Problem
The output is a word-for-word repeat of the listing below, free of images.

Data provided
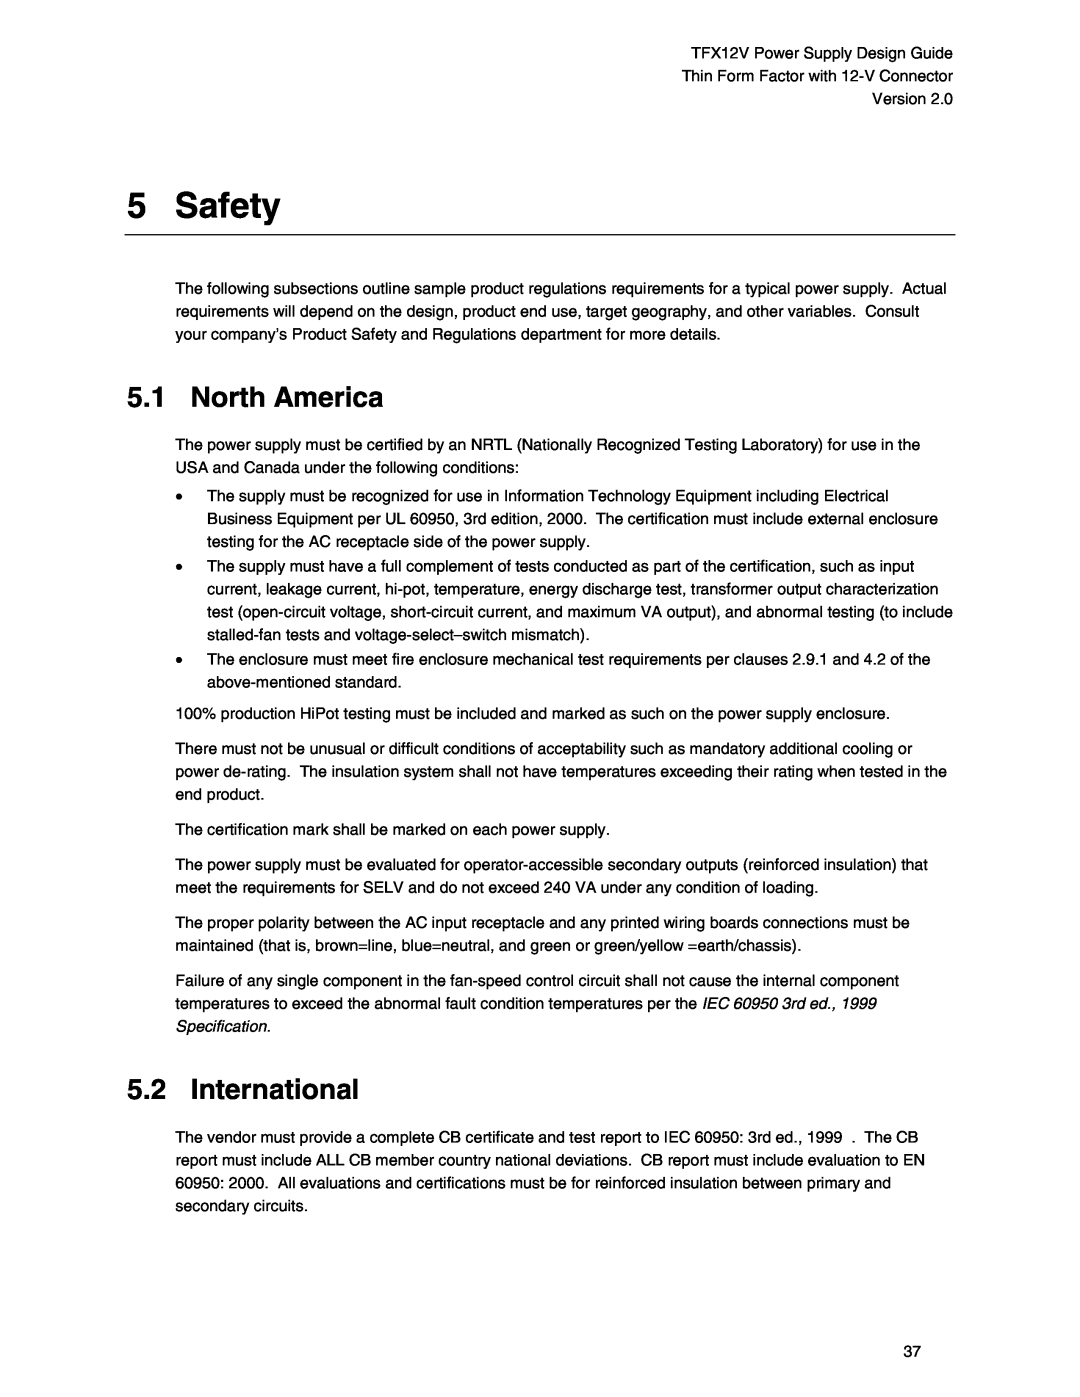 Intel TFX12V manual Safety, North America, International 
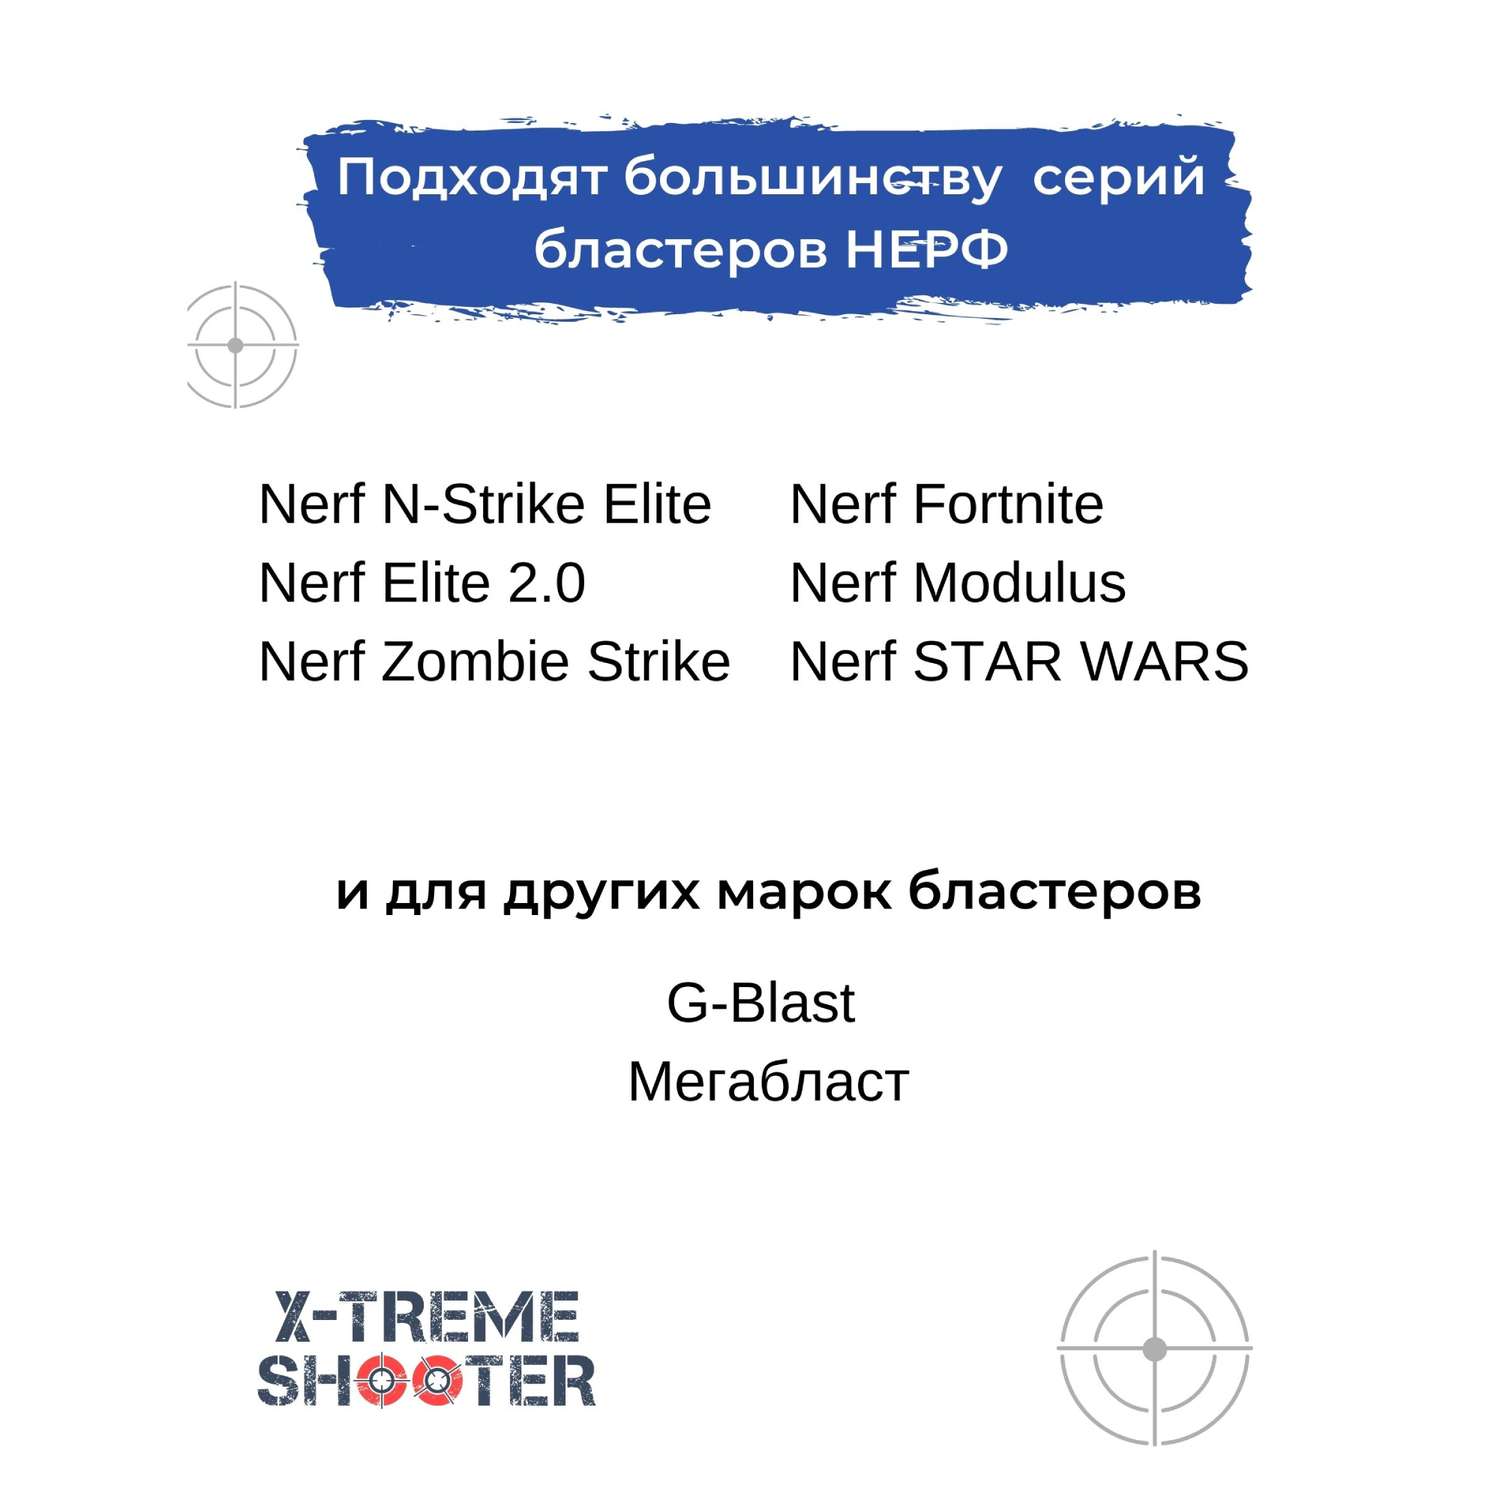 Набор игровой X-Treme Shooter браслет-патронташ и мягкие пули для бластера Нерф - фото 15
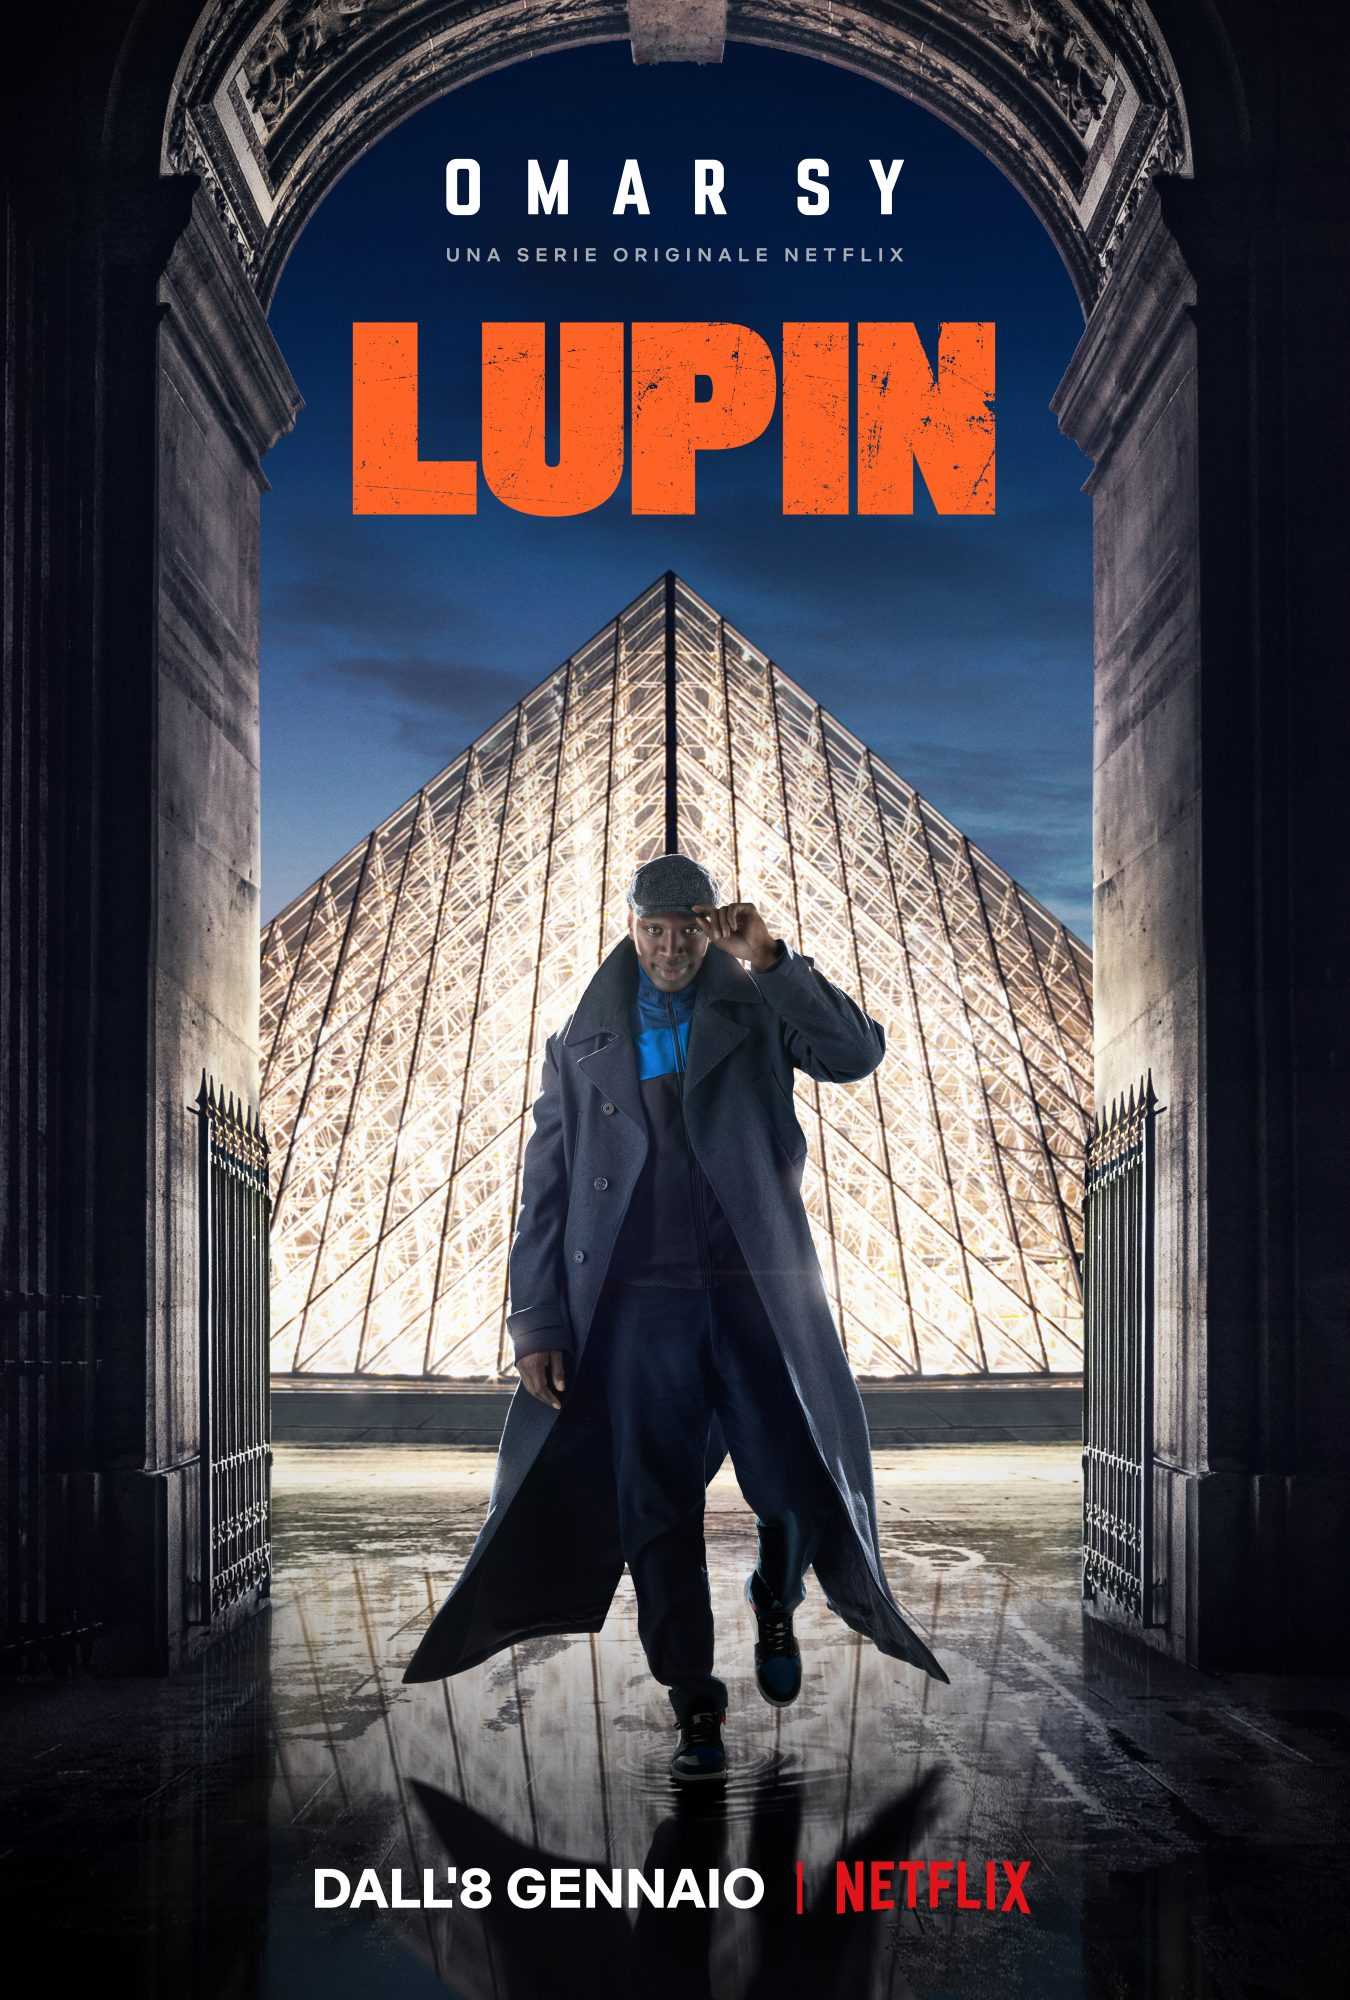 Lupin: trailer, poster e foto promozionali della serie Netflix

Answer section
 Intel TFX12V manual Safety, North America, International 
 Набор игровой X-Treme Shooter браслет-патронташ и мягкие пули для бластера Нерф - фото 15
 Lupin: trailer, poster e foto promozionali della serie Netflix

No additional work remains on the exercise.